== Data block
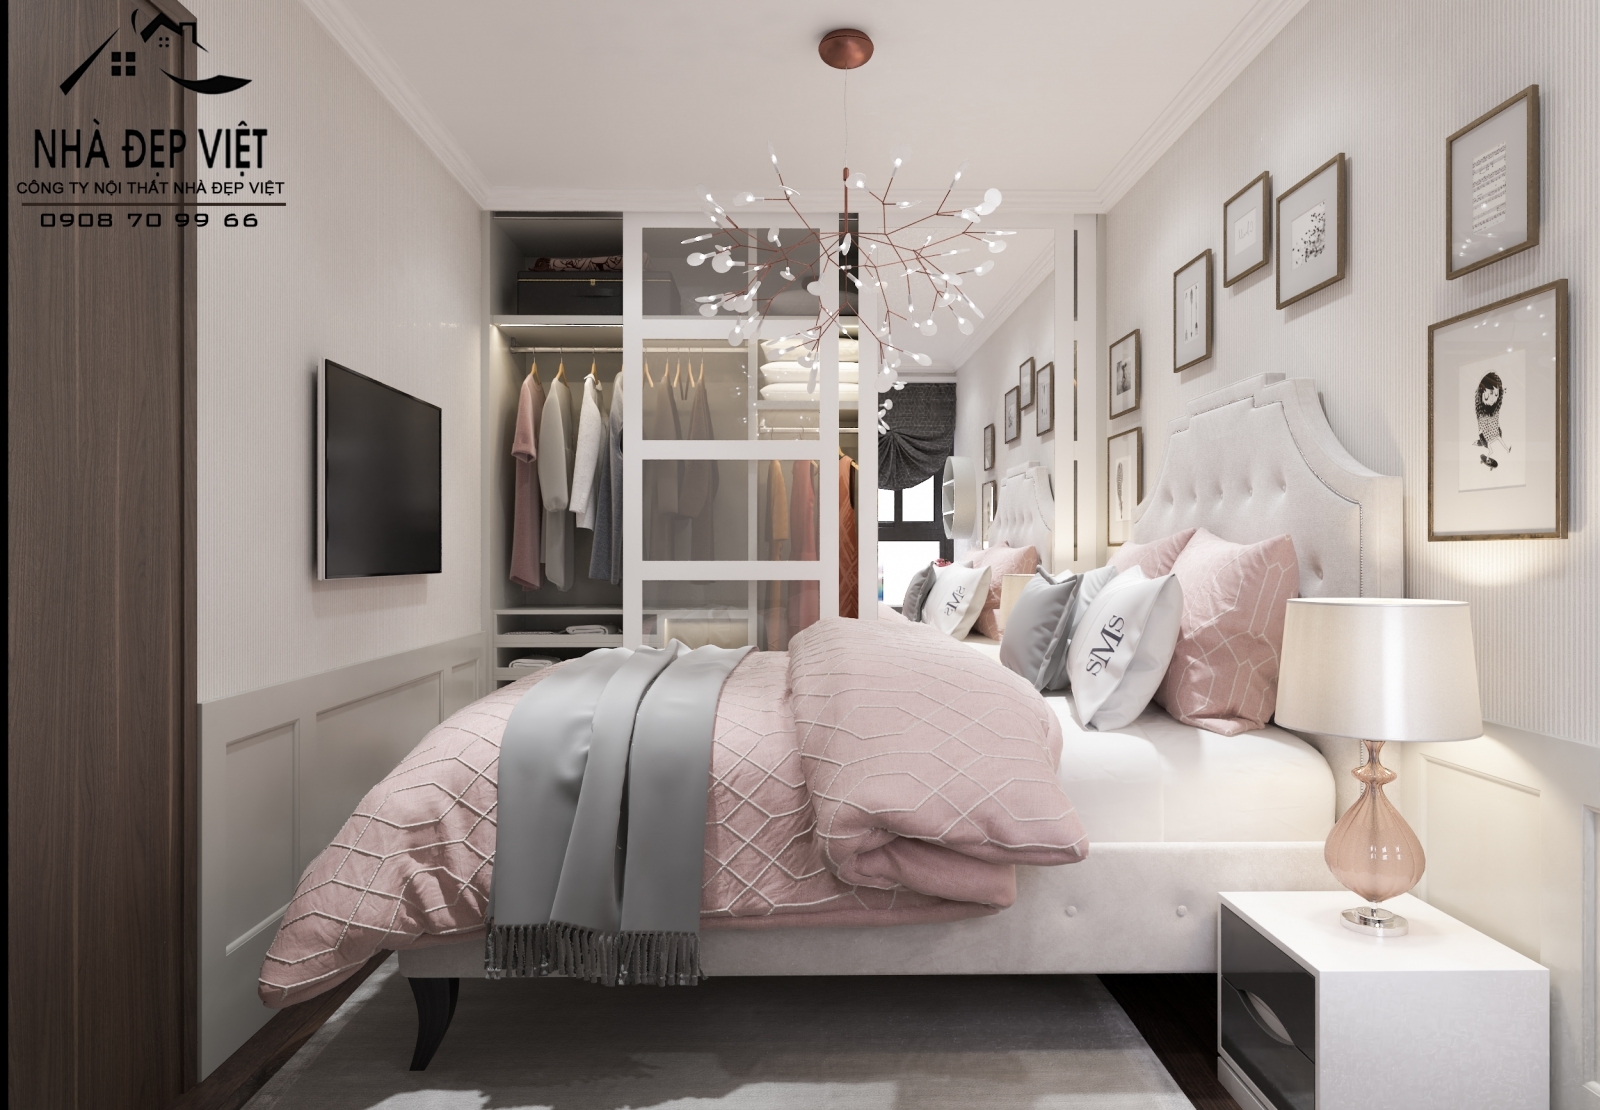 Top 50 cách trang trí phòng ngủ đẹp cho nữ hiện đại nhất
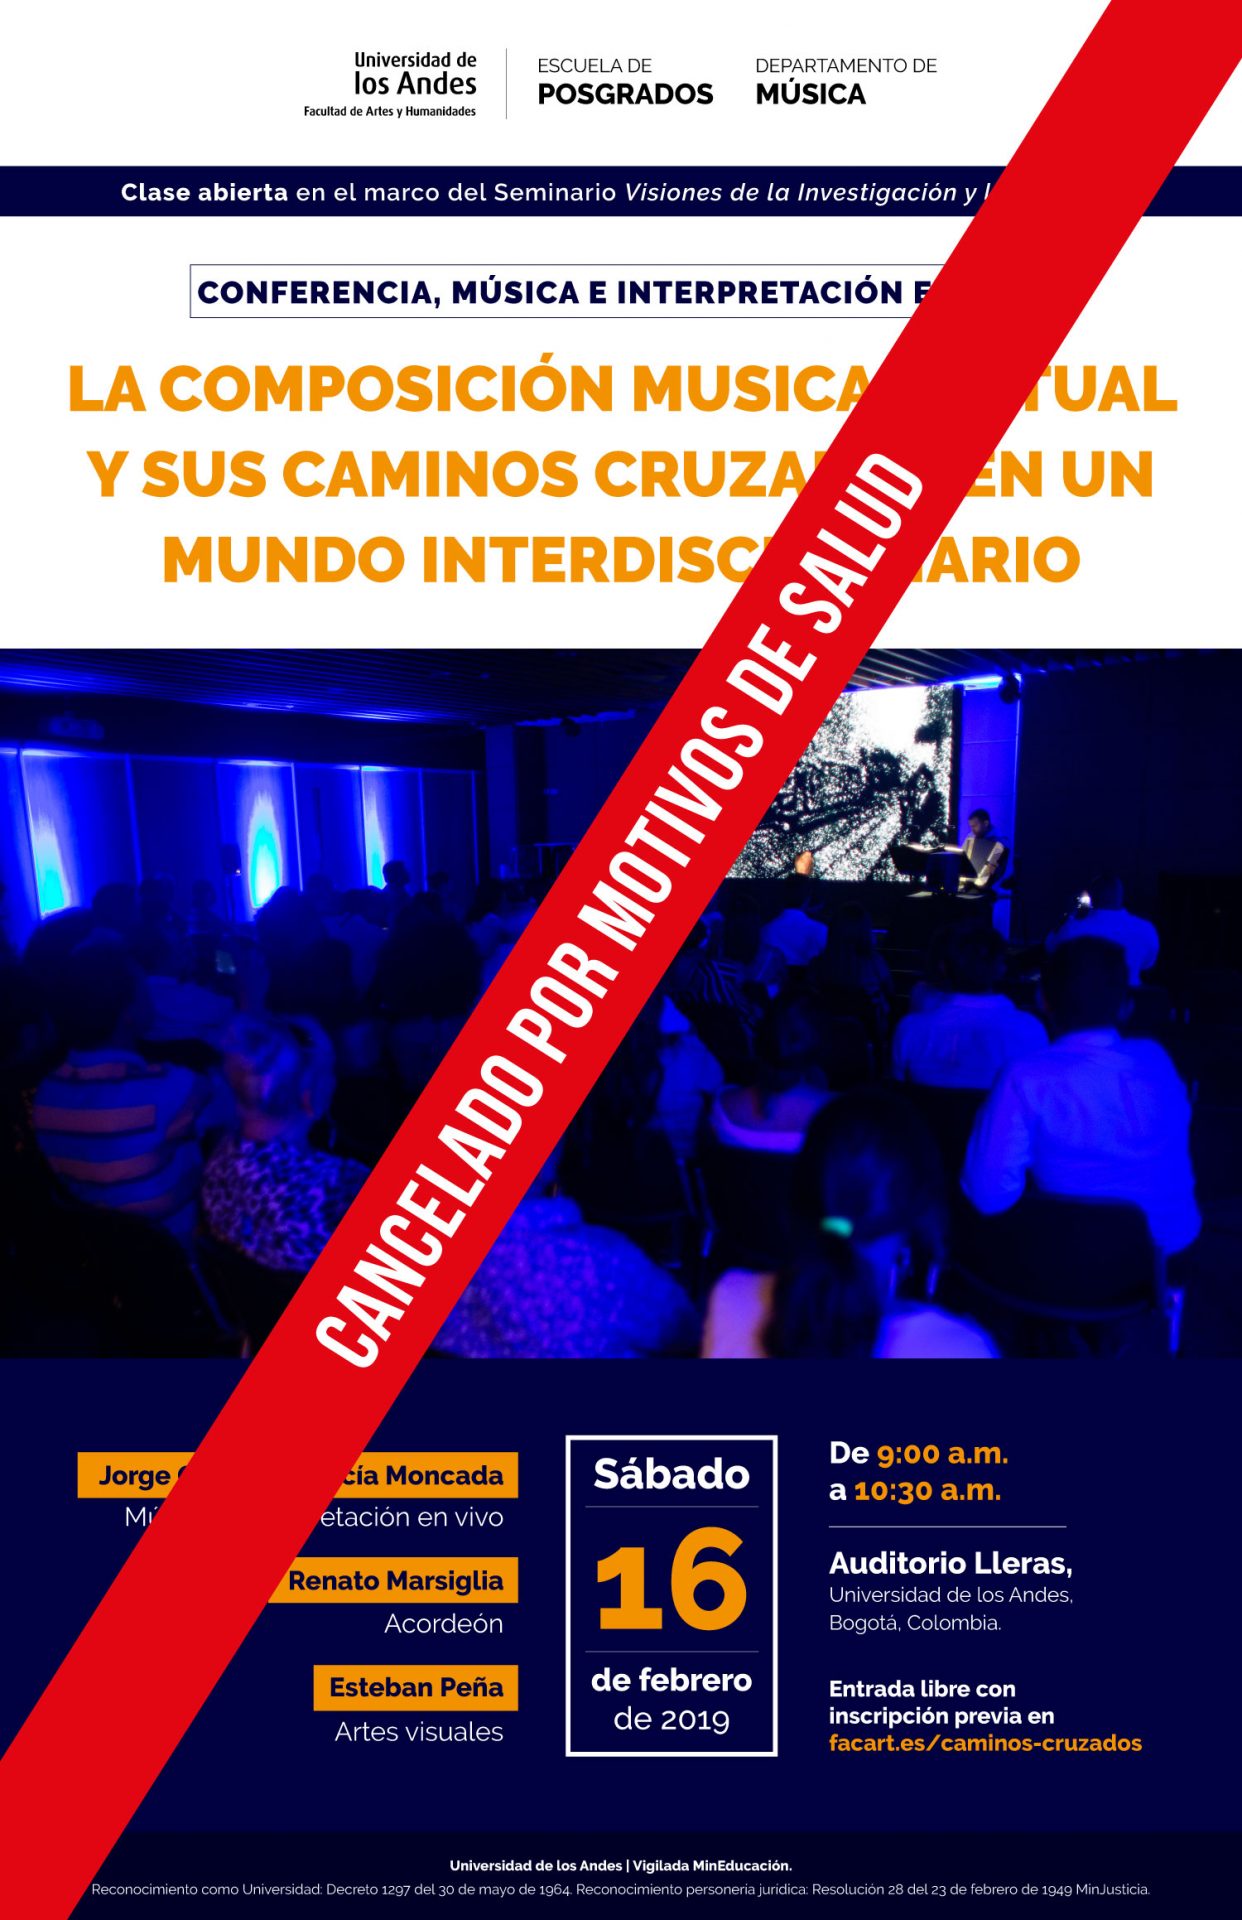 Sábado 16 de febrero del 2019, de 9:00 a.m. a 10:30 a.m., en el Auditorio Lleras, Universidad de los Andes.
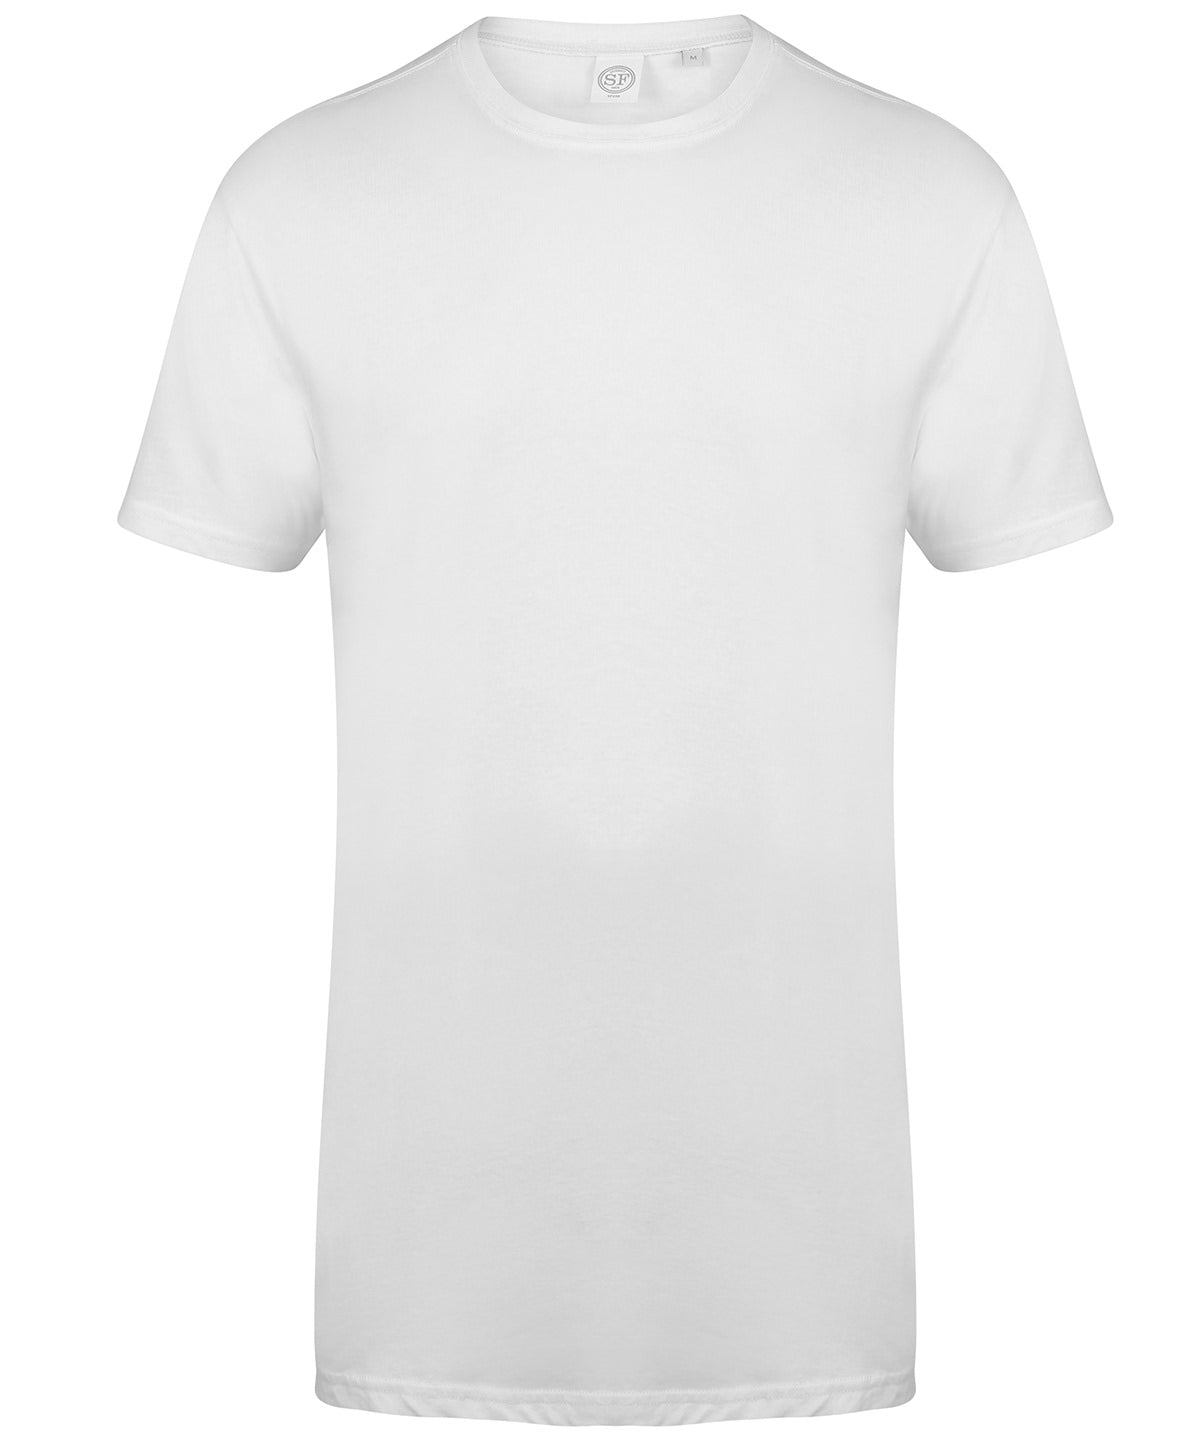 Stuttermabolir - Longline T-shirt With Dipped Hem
====
What you should do:
Without the pictures, write out the whole listing above exactly as it appears.

Response to this exercise:
 Top 50 cách trang trí phòng ngủ đẹp cho nữ hiện đại nhất
 Sábado 16 de febrero del 2019, de 9:00 a.m. a 10:30 a.m., en el Auditorio Lleras, Universidad de los Andes.
 Stuttermabolir - Longline T-shirt With Dipped Hem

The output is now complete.